Ce n’est pas une menace, c’est un état de fait. Sous quelle forme ? il y a différentes formes comme la gestion directe, le mandataire… Nous, ce que l’on souhaite, c’est garder le modèle actuel. C’est générateur d’emplois, de services et ca fonctionne bien depuis 35 ans !
Patrick Collé, président de l’intersyndicale de gérants
La réunion est-elle un échec ?
C’est un échec, ca n’a rien donné. Les pétroliers nous ont dit de manière très claire qu’ils n’allaient pas renouveler nos contrats. C’était notre crainte et elle a été vérifiée. Nous allons être malheureusement obligés de nous mobiliser pour pouvoir défendre notre profession.
Nous allons discuter avec notre base, mais c’est vrai que nous sommes très amers.
Déçus de l’attitude des pétroliers ou du ministre ?
Déçus par rapport aux deux parties. Les pétroliers veulent virer les gérants. Sept d’entre nous ont déjà perdu leur station. Et le ministre de l’Outre-mer n’apporte pas de réponses concrètes quant au fait de la garantie des relations contractuelles. On se retrouve dans une impasse…
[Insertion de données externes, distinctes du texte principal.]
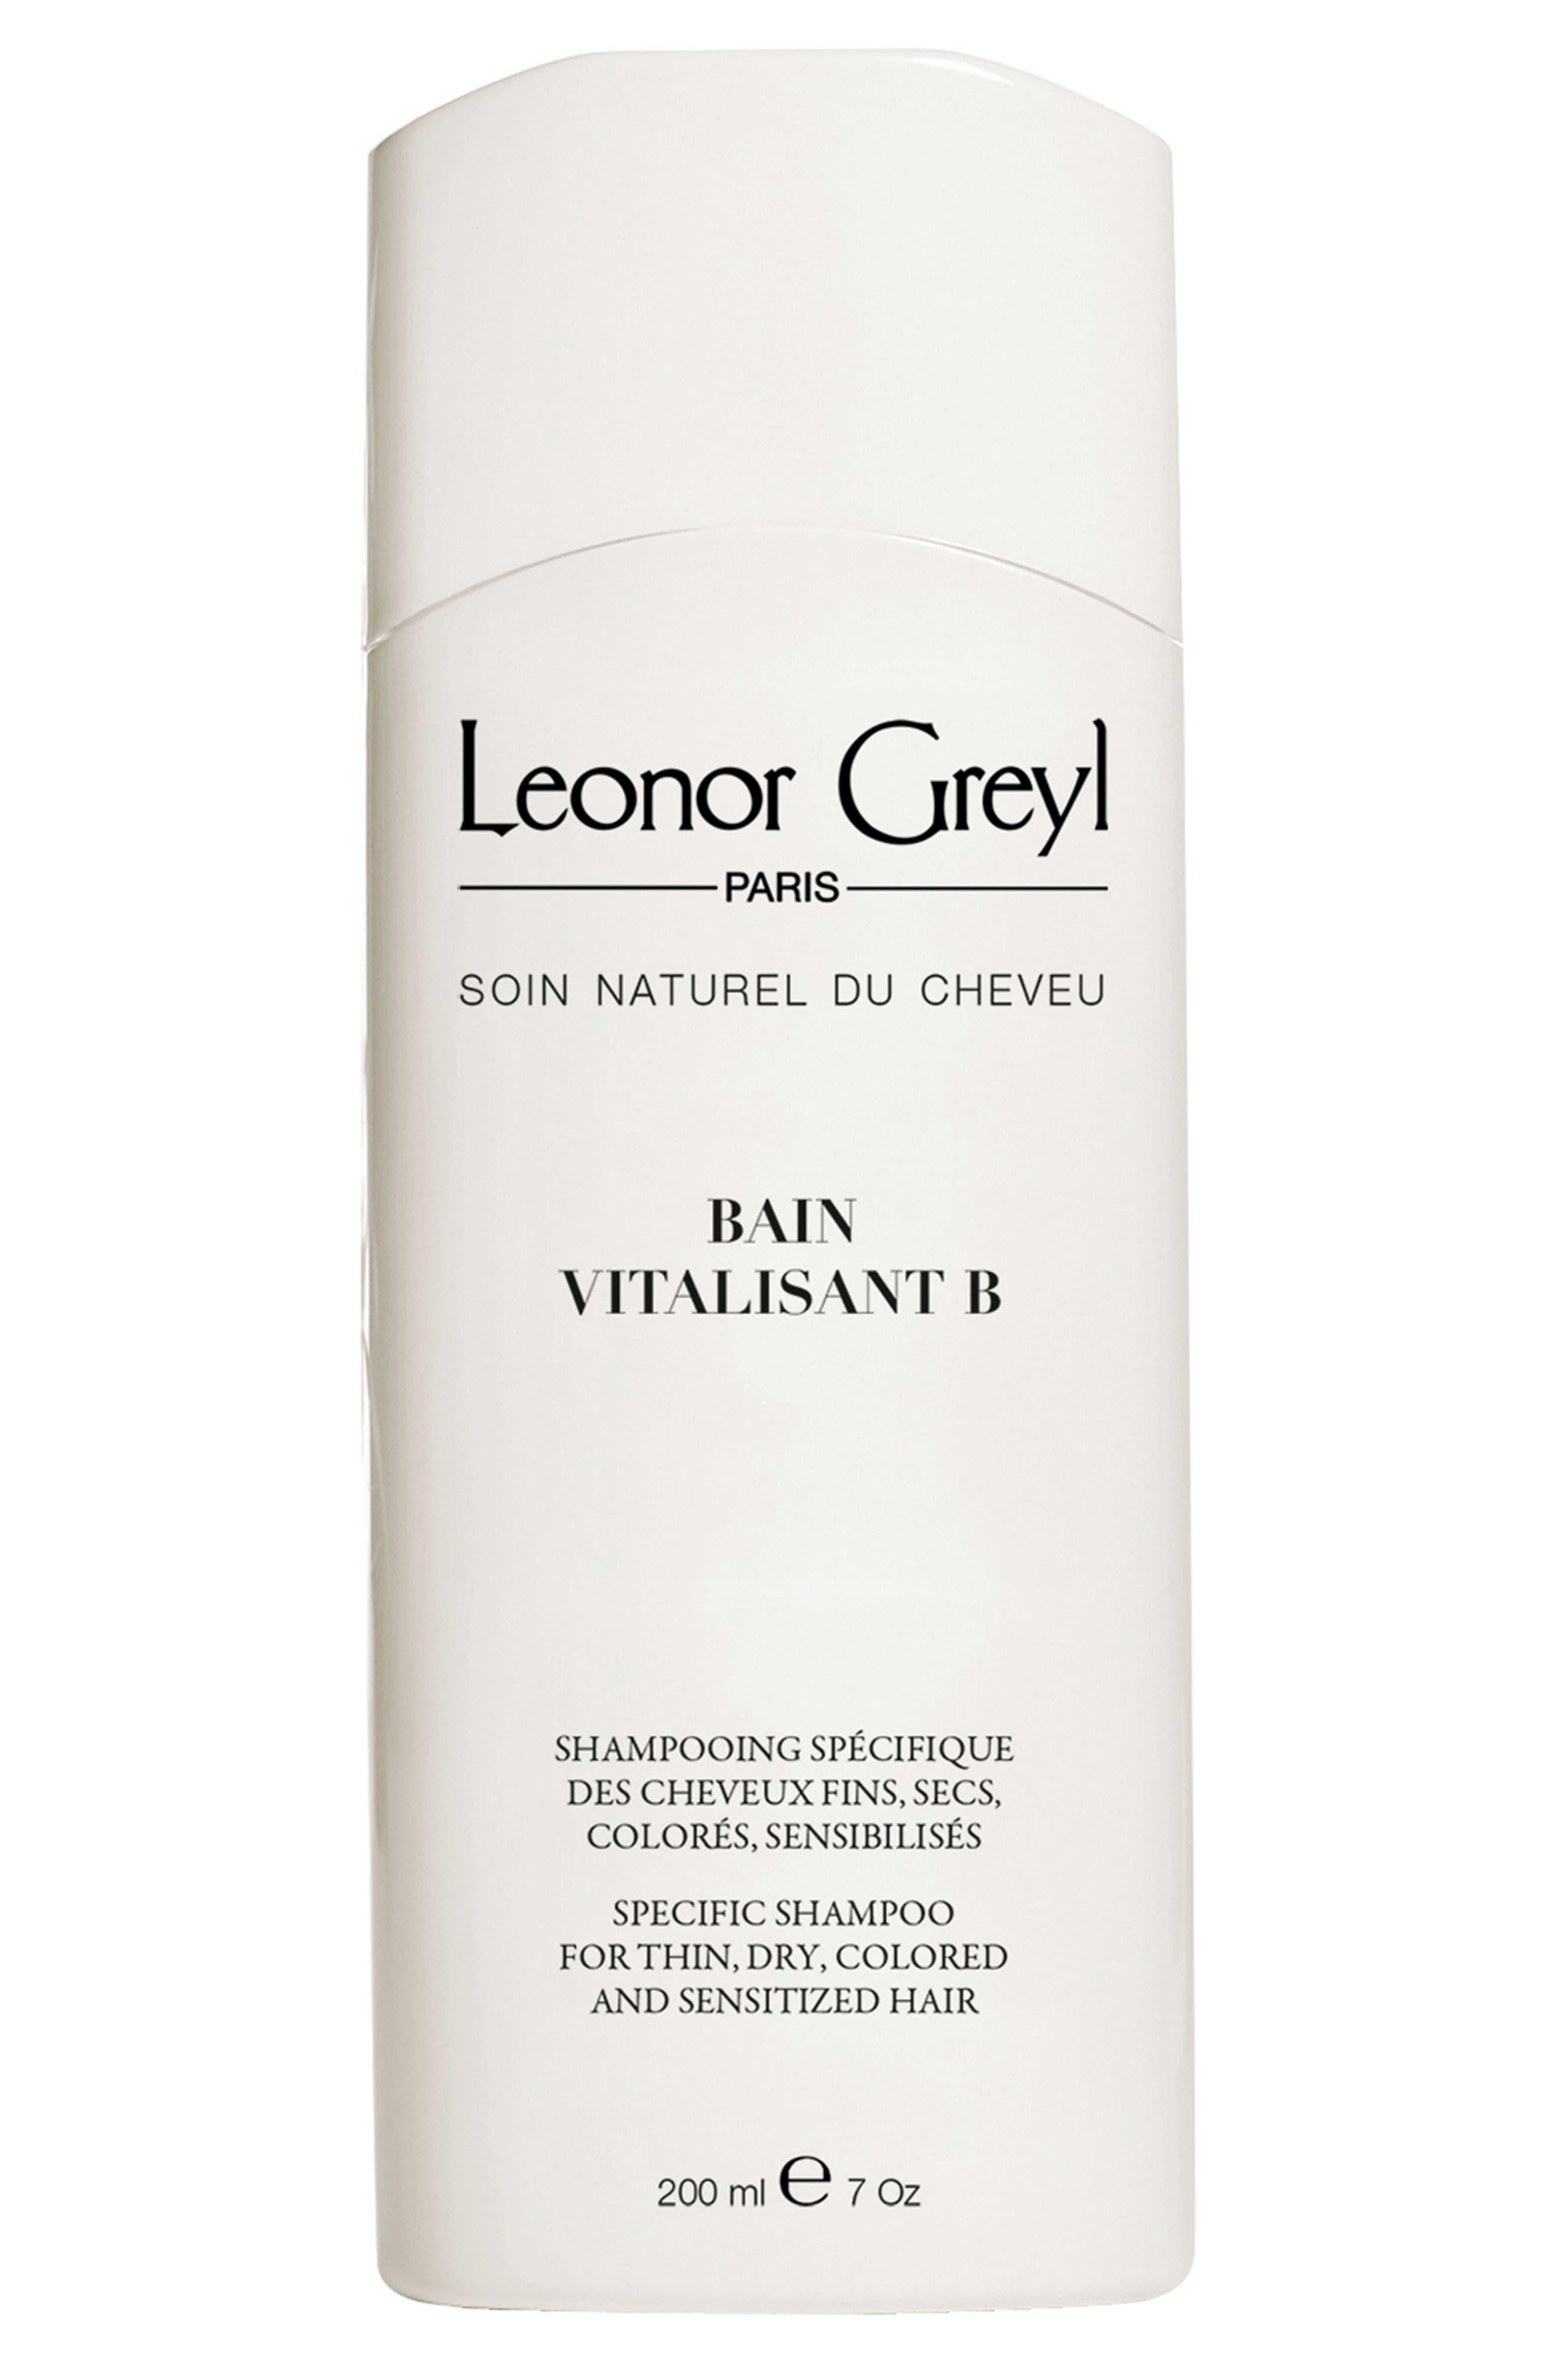 Leonor Greyl PARIS 'Vitalisant B' Shampoo

Le ministre vous a-t-il confirmé l’application du décret au 1er janvier ?
Il nous a dit que c’était une decision politique. On ne tient nullement compte des petits chefs d’entreprise que nous sommes et des 3700 emplois que nous portons. Entendre parler de volonté politique, c’est dur. On a l’impression d’etre les sacrifiés de cette volonté politique. Deux logiques s’affrontent. L’une est politique, l’autre est économique et sociale et c’est celle-la que nous défendons.
La transparence semble bien difficile à faire…
Nous ne sommes pas contre la transparence. Plus le prix sera bas à la pompe, mieux ca nous ira, mais il faut prendre le temps pour modifier un dispositif qui pour l’instant marche.
Avez-vous été instrumentalisés par les compagnies pétrolières ?
Peut-être… Mais quels moyens avons-nous pour nous défendre ? On ne prend pas la population en otage, on défend notre job et nos employés.